During an annual press conference at Russia’s Foreign Ministry in Moscow, Foreign Minister Sergei Lavrov claimed that Russia did not violate the 1994 Budapest Memorandum on Security Assurances when it annexed Ukraine’s Crimean peninsula. According to him, the memorandum only prohibits Russia from using or threatening to use nuclear weapons against Ukraine.
This is not the first time Lavrov has made this claim.
“If you’re referring to the Budapest Memorandum, we have not violated it,” Lavrov said during an earlier press conference, in January 2016.
“It contains only one obligation—i.e., not to use nuclear weapons against Ukraine. No one has made any threats to use nuclear weapons against Ukraine.”
Lavrov’s assertion that the 1994 agreement only states that Russia will not use nuclear weapons against Ukraine is patently false. The text of the memorandum is widely available in a number of languages.
It includes six points it total, but the most relevant are the first three, which state:
“1. The United States of America, the Russian Federation, and the United Kingdom of Great Britain and Northern Ireland, reaffirm their commitment to Ukraine, in accordance with the principles of the CSCE Final Act, to respect the Independence and Sovereignty and the existing borders of Ukraine.
2. The United States of America, the Russian Federation, and the United Kingdom of Great Britain and Northern Ireland, reaffirm their obligation to refrain from the threat or use of force against the territorial integrity or political independence of Ukraine, and that none of their weapons will ever be used against Ukraine except in self defense or otherwise in accordance with the Charter of the United Nations.

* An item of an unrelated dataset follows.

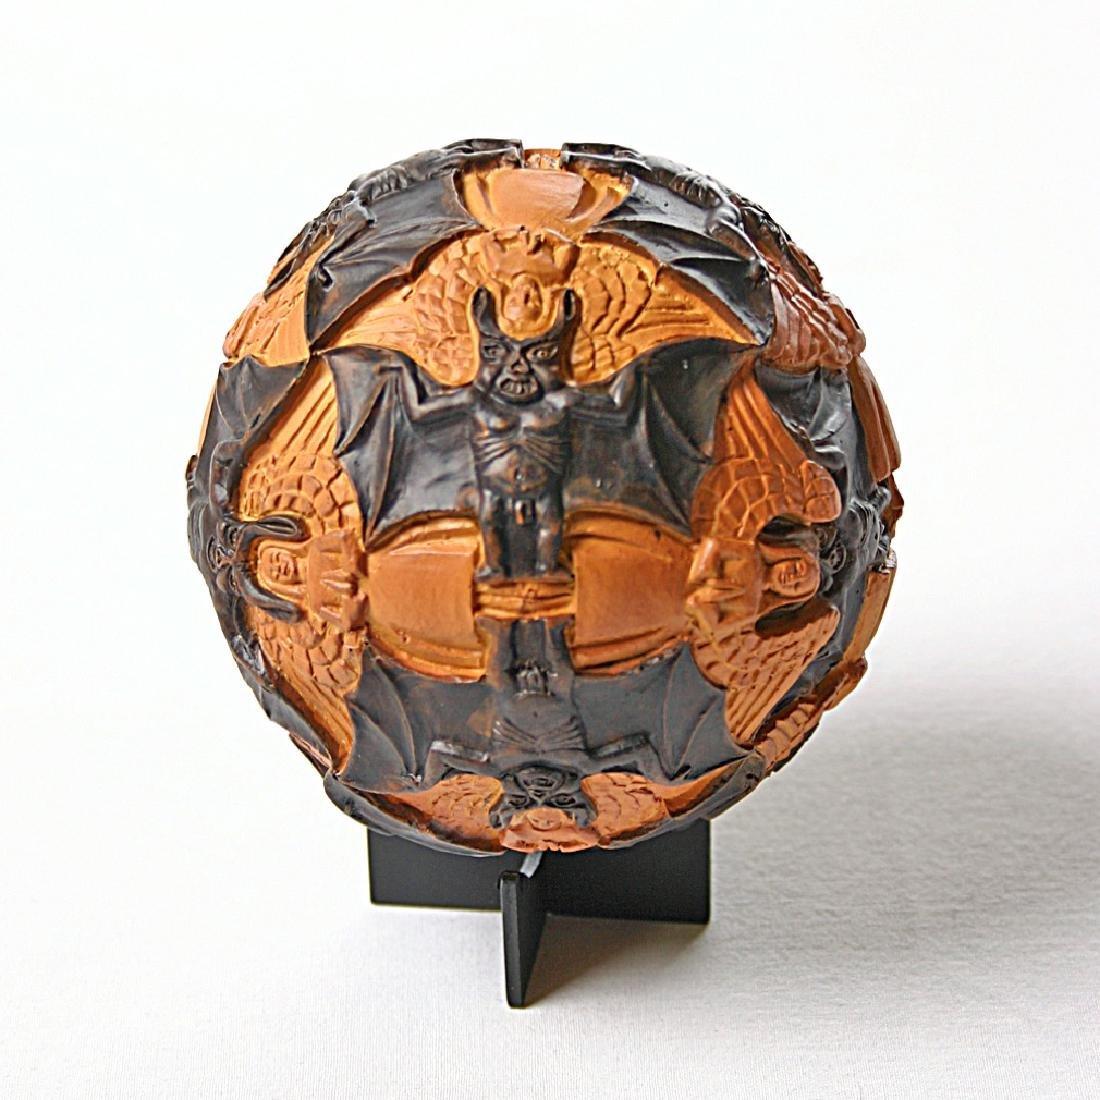 After Maurits Escher: Sphere Angels & Devils Statue - 2

3. The United States of America, the Russian Federation, and the United Kingdom of Great Britain and Northern Ireland, reaffirm their commitment to Ukraine, in accordance with the principles of the CSCE Final Act, to refrain from economic coercion designed to subordinate to their own interest the exercise by Ukraine of the rights inherent in its sovereignty and thus to secure advantages of any kind.”
It would seem Lavrov is referring to the fifth point of the agreement:
“5. The United States of America, the Russian Federation, and the United Kingdom of Great Britain and Northern Ireland, reaffirm, in the case of the Ukraine, their commitment not to use nuclear weapons against any non-nuclear-weapon State Party to the Treaty on the Non-Proliferation of Nuclear Weapons, except in the case of an attack on themselves, their territories or dependent territories, their armed forces, or their allies, by such a state in association or alliance with a nuclear weapon state.”
However, it is clear from point two that the agreement to avoid using force against Ukraine also includes conventional military means, referred to as simply “weapons” and not “nuclear weapons.” More importantly, point three forbids the use of economic coercion against Ukraine’s sovereignty.
Experts have asked whether the U.S. and Britain failed to follow through with security assurances provided in the fourth point of the Budapest memorandum – “to seek immediate United Nations Security Council action to provide assistance to Ukraine” in the event of aggression or the threat of aggression.
Steven Pifer, writing for the Brookings Institution in December 2014, urged Washington to do more than provide political and economic support and non-lethal military assistance. Pifer urged the U.S. “provide…military defensive arms.”
“This is not just a matter of assisting Ukraine in fulfillment of U.S. obligations,” Pifer wrote.“It is also about preserving the credibility of security assurances for the future.”
In December 2017, the U.S. approved the sale of defensive weapons to Ukraine.
The 1994 Budapest Memorandum is also not the only treaty with Ukraine which Russia has broken by annexing the Crimean peninsula and occupying part of Ukraine’s Donbas region. In 1997, the two countries signed the Russian-Ukrainian Friendship Treaty, which stated that both nations recognized each other’s current borders as “inviolable.”